Data Science Capstone Project - TAWI AI Chatbot

AI Chatbot for Moringa School

Overview

The primary objective of this project is to develop an AI chatbot for Moringa School's website. The chatbot aims to understand user queries, connect users to key information about courses and enrollment, and provide technical support for any issues faced by visitors. The chatbot will leverage Natural Language Toolkit (NLTK) for natural language processing, ensuring a comprehensive understanding of user inquiries.

Business Understanding

The adoption of chatbots is on the rise, with the project anticipating that by the end of 2030, over 75% of customer queries will be resolved by chatbots. Companies are increasingly using chatbots to boost efficiency by automating recurring queries, providing quick customer assistance, and enhancing customer experience by reducing wait times and offering 24/7 support. In the education sector, this project falls under the category of "service-oriented chatbots," designed to answer FAQs and provide general information.

Business Problem

Moringa School, a learning accelerator in Nairobi, Kenya, has experienced substantial growth, training over 2000 students globally since its inception in 2014. With a goal to train over 200,000 students by 2030 and new course launches, the demand for Moringa School's services is expected to increase. The current modes of accessing Moringa services, such as visiting the website or making calls, may not efficiently cater to the growing demand. The business problem is to bridge this gap by employing a chatbot to provide fast, 24/7 service, improve customer experience, offer access to information, and provide technical support.

Objectives of the Chatbot

Provide Fast, 24/7 Service: The chatbot will ensure round-the-clock support, especially during peak hours, peak seasons, or for international students in different time zones, reducing wait times when human assistants are unavailable.
Improve Customer Experience: Welcoming users to the website and offering navigation assistance, the chatbot will enhance the overall user experience by providing efficient links to specific resources.
Provide Access to Information: Users can inquire about general information, such as courses offered, admission procedures, tuition fees, and events. The chatbot will provide details, schedules, and registration information for events.
Offer Technical Support: The chatbot will address technical issues users may face on the website, guiding them through troubleshooting steps or redirecting them to relevant resources.
Data Collection for Learning: As the chatbot assists users, it will collect data on user queries, frequently asked questions and areas for improvement. This data will enable the chatbot to learn, providing more accurate and personalized responses over time. The chatbot will improve its ability to discern which queries it can handle autonomously and which may require human assistance.

Data Understanding

Source of Data: The project obtained data by scraping Moringa School's websites, employing two Python scripts: link_scraper.py and web_scraper.py.

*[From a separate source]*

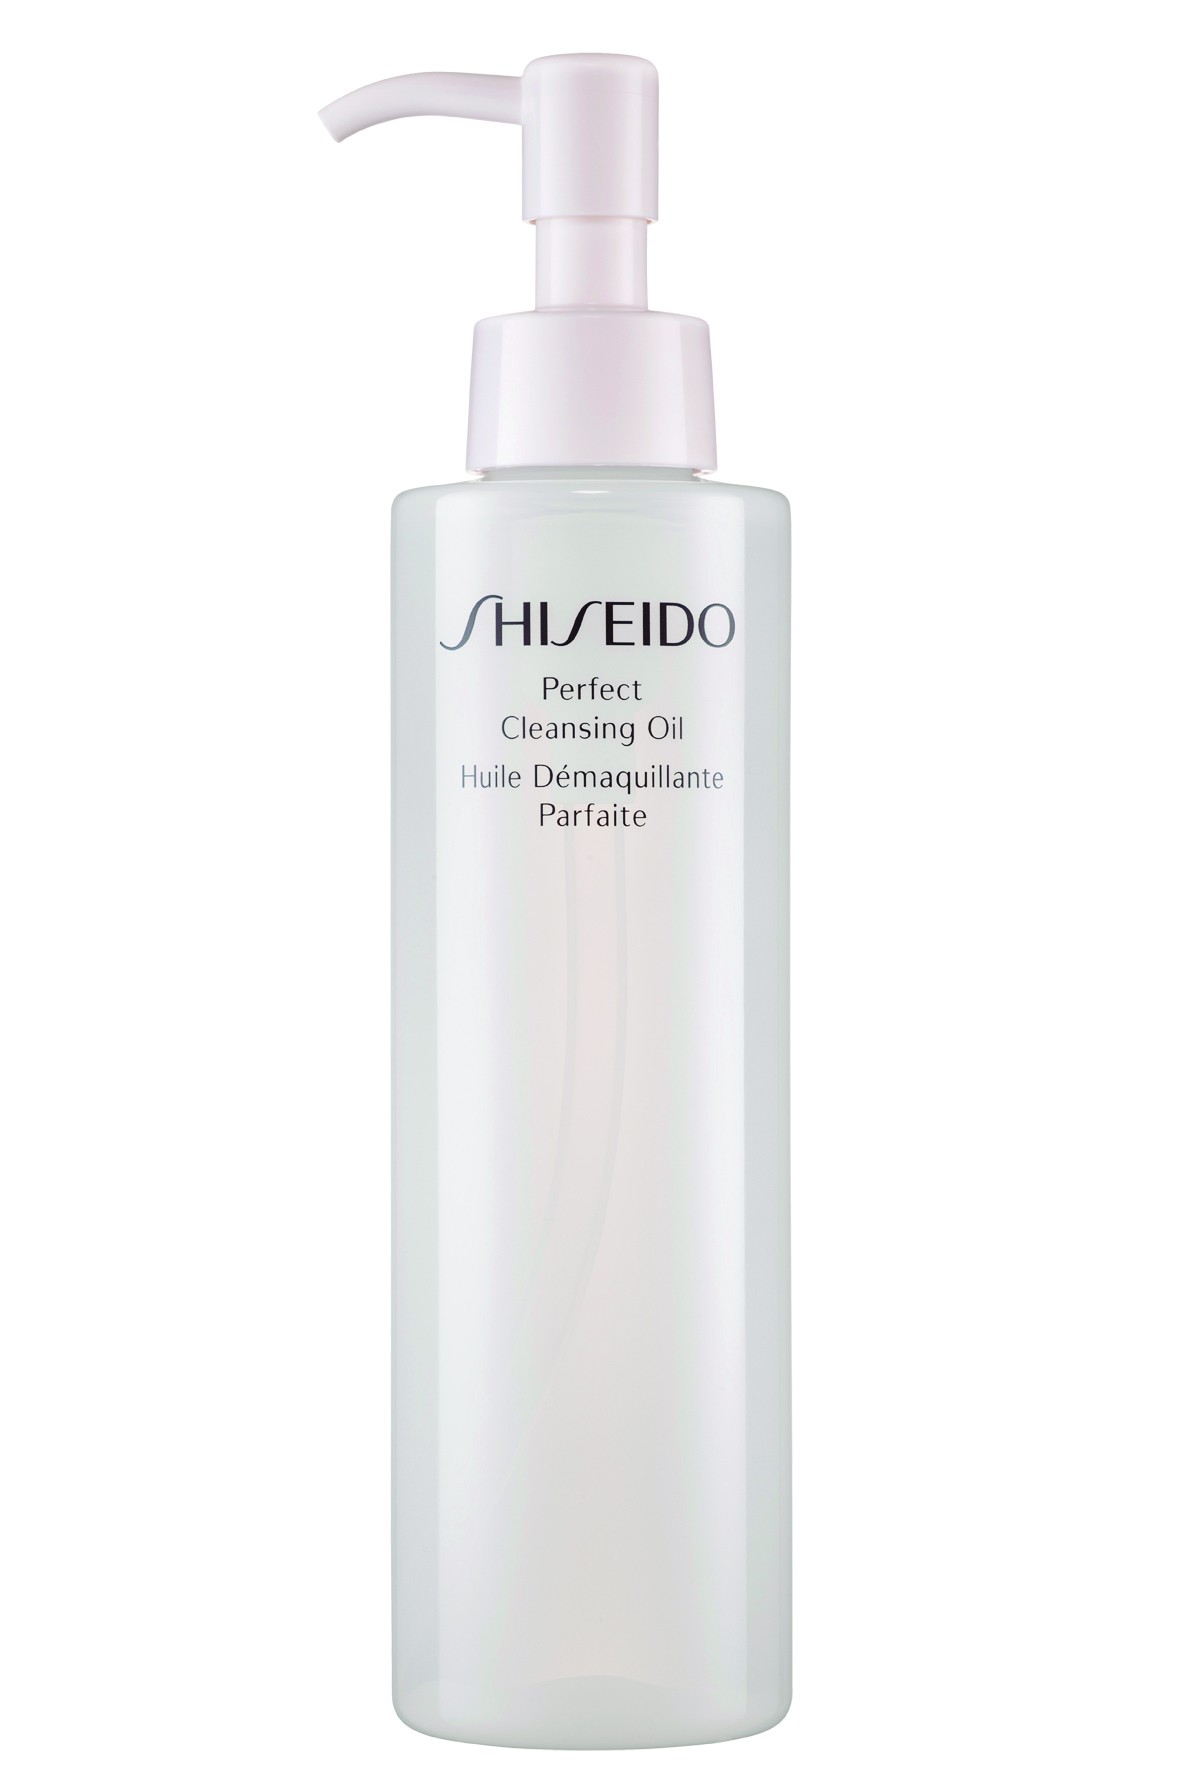 Shiseido (Foto: divulgação)

Link Scraper: Utilizes BeautifulSoup to extract hyperlinks from Moringa School's website pages, saving the links to a JSON file named scraped_links.json.
Web Scraper: Utilizes links from scraped_links.json to extract text content from corresponding web pages. Text data is then saved in moringa_text_corpus.json.

Data Files:
scraped_links.json: Contains unique URLs obtained during link scraping.
moringa_text_corpus.json: Stores text content in a structured format, associating each link with a list of unique text snippets.

Exploratory Data Analysis (EDA)

Objectives:

Thoroughly examine the dataset of intents, questions, and responses.
Understand the distribution and nature of the data.
Identify patterns and uncover insights to guide the AI Chatbot development.

Key Areas of Analysis:

Diversity of intents.
Structure and length of questions and responses.
Common themes and word frequencies.

Intent distribution

Findings

In the dataset, there are a total of 10 unique intents, each representing a specific category or topic.
On average, each intent contains approximately 52.40 questions. This statistic provides insight into the typical number of questions associated with each intent.
The median number of questions per intent is 30. This means that half of the intents have 30 or fewer questions, while the other half contains more than 30 questions. The median helps us understand the central tendency of question counts.

Question and Response Length Analysis

Findings

The blue bars (questions) are clustered more towards the left side of the graph, indicating that most questions are shorter in length. The tallest blue bar, indicating the highest frequency, falls in the range of 0-10 words approximately.
The red bars (responses) show a wider distribution across the word count, suggesting that responses have a more varied length. The tallest red bar is in the range of 10-20 words.
The blue bars (questions) have a peak frequency much higher than the red bars (responses), suggesting that there is a common word count range where most questions fall.

Word Frequency Analysis

Word Cloud

Findings

The analysis provides insights into the key themes and topics present in the dataset.
The most common words reflect a strong emphasis on courses, data science, Moringa, and educational aspects.
With 'course' being the most frequent word, the dataset places a substantial emphasis on educational offerings.
'data,' 'science,' and 'moringa' indicate a strong focus on data science education, aligning with industry and institutional themes.
The repetition of terms like 'student,' 'develop,' and 'learn' underscores a learner-centric approach in the dataset. Bi-grams and Tri-grams Analysis

Findings

On the left, the bi-grams bar chart shows that "data science" is the most frequent bi-gram, followed by "moringa school" and others.
On the right, the tri-grams bar chart indicates "data science course" as the most frequent tri-gram, with a notable drop in frequency for subsequent tri-grams

Modeling

Base Model Performance

Findings The base model demonstrates a high training accuracy of approximately 98%, suggesting effective learning from the training data. However, a significant performance gap is observed, with the validation accuracy plateauing at 30-40%, raising concerns about overfitting. The validation loss notably increases in later epochs, reaching around 9.8, further reinforcing overfitting concerns. To address these issues, recommendations include incorporating both questions and responses in the training data for a more comprehensive understanding, implementing regularization techniques to mitigate overfitting, and exploring performance improvement measures such as learning rate tuning and optimizing hidden layers. Additionally, testing different vectorization methods like TFIDF and embeddings is suggested, with the option to consider alternative deep learning models if necessary.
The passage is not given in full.